En la Escuela Internacional de Yoga, no solo se forman instructores; se acompañan procesos humanos completos. Se crean comunidades donde cada persona tiene la oportunidad de crecer a su propio ritmo, sin la presión de rendir, sino con el impulso de florecer.
- Espacios seguros para el aprendizaje
- Tutorías personalizadas y acompañamiento continuo
- Prácticas vivenciales y momentos de retiro
- Estudio profundo en un entorno humano y respetuoso
Una escuela con historia y visión
La Escuela Internacional de Yoga, fundada por Mayte Criado, ha sido pionera en la pedagogía del yoga en el mundo hispano. Con más de 25 años de trayectoria, ha formado a miles de personas que hoy impactan positivamente en sus comunidades.
Más allá de su prestigio, lo que realmente motiva a esta escuela es un compromiso genuino con la autenticidad y el respeto a la esencia del yoga, considerado como un camino hacia la libertad y el amor.
¿Es esta formación para mí?
Reflexiona sobre lo siguiente: si sientes que el yoga ha transformado tu vida, si deseas aprender a enseñar desde la presencia y la consciencia, esta formación podría ser el camino correcto para ti. No importa si aún no te ves dando clases, ni si sientes que no tienes la experiencia necesaria. En la Escuela hay un espacio para todos.
La idea es ayudarte a descubrir tu singularidad y fortalezas como educador. Cada persona tiene una manera única de enseñar yoga, y nuestra misión es guiarte a encontrar la tuya.
La importancia de la formación presencial
En un mundo donde proliferan los cursos online y las formaciones aceleradas, la formación presencial sigue siendo esencial. Hay aprendizajes que solo se producen en el cuerpo, y conexiones que solo se crean en el encuentro físico.

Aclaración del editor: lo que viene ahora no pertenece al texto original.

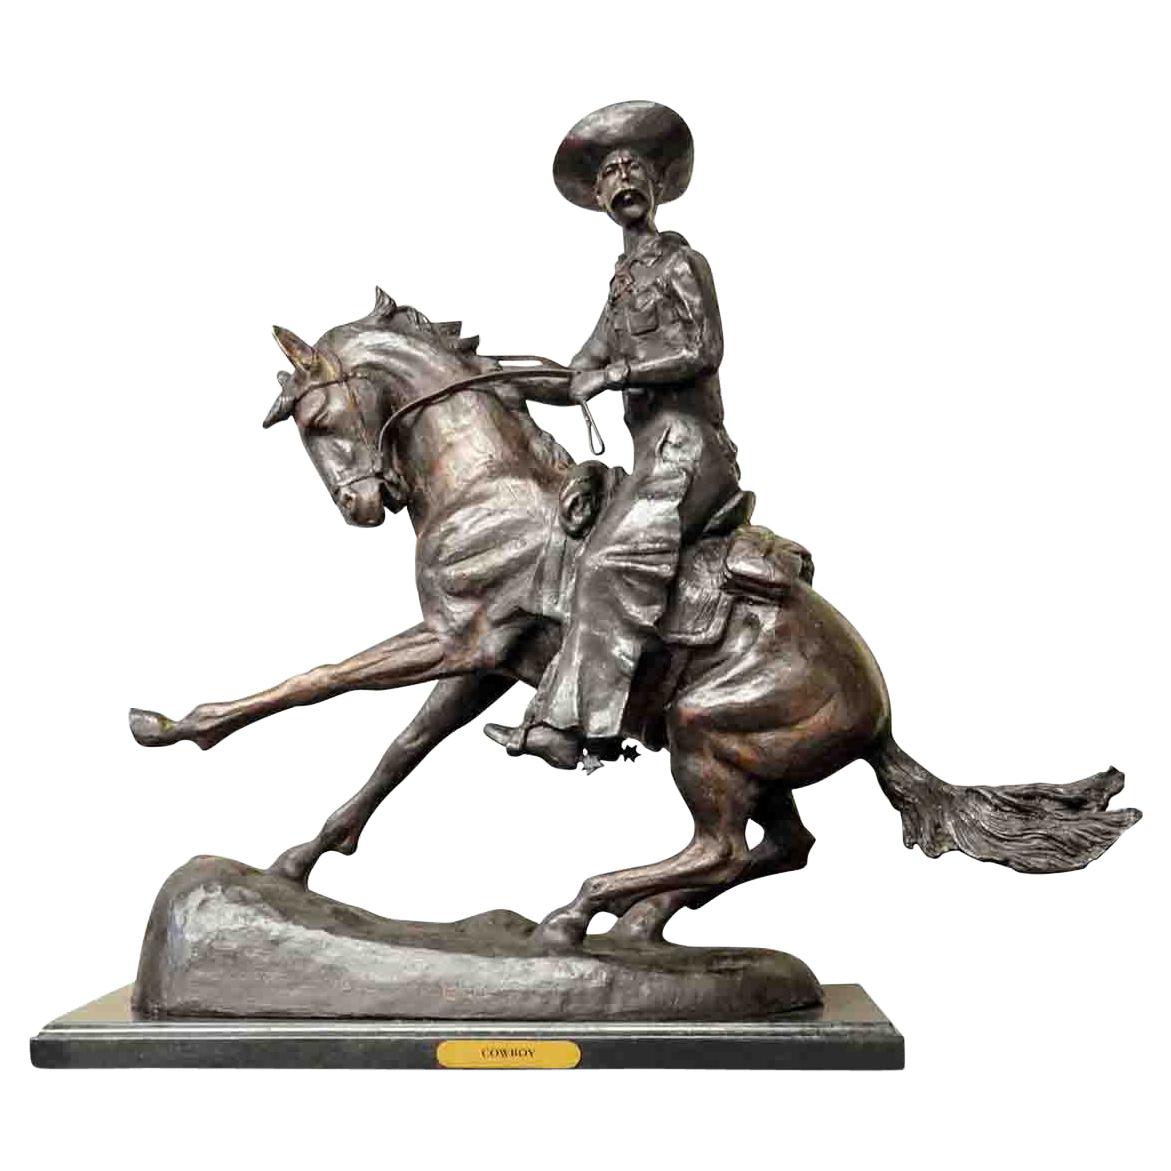 Vaquero, escultura de bronce fundido sobre base de mármol, según Frederic Remington

La presencialidad nos devuelve al grupo y al tiempo compartido, elementos fundamentales en la formación de un instructor de yoga.
- Imagina un grupo de personas que comparten un año de transformación.
- Imagina un ambiente donde puedas ser tú mismo, libre de máscaras.
- Imagina aprender con docentes que respetan tu ritmo.
- Imagina enseñar desde tu verdad.
- Imagina un camino que no solo cambie tu vida, sino que también pueda transformar a otros.
Opciones de formación y su accesibilidad
Actualmente, el Curso de Nivel I se ofrece en diversas ciudades de España, como Madrid, Mallorca, y Santiago de Compostela, entre otras. Además, hay una modalidad online para quienes prefieren esa opción o residen fuera de España.
Para conocer todas las fechas y sedes disponibles, puedes consultar aquí: Formación de Instructor/a de Yoga – Nivel I.
Al final, dar el paso hacia la formación como profesor de yoga no solo significa adquirir una nueva habilidad, sino también embarcarse en una travesía transformadora que puede influir positivamente en tu vida y en la de quienes te rodean.